6. LIME Interpretation

Building explainer with train data

explainer <- lime(train, RF10)

Explaining selected samples

x_expl <- test[1:10,]
explanation <- explain(x_expl,explainer, n_features = 2)

head(explanation)

plot_features(explanation)

LIME Conclusion With LIME, I do not need to scale back, because it already contained original value/ unscaled data. I use 2 features to have 2 most materials that will contribute to strength. With LIME, we could see what breakdown and see possibilities component that contribute the bost and possibility for best mixtures.

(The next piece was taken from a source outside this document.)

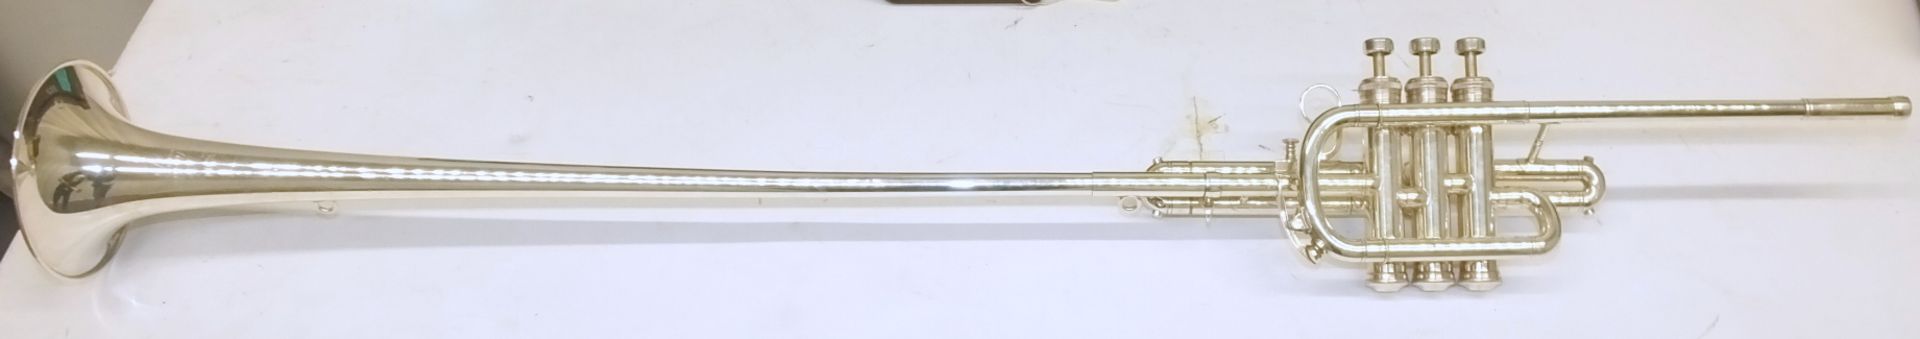 Besson International Fanfare Trumpet in case - Serial Number - 706 - 821387 - Image 6 of 8

The difference in interpreting: Blackbox: we could get accuracy and optimization of the models by minimizing errors and fit the models LIME: We could breakdown the variables that has contribution, correlation and combination to provide impact to target in the models

From 4 observation in the plot, Explanation fit tell us Cement and Super_plast is the most influential materials to contribute strength and effecting age.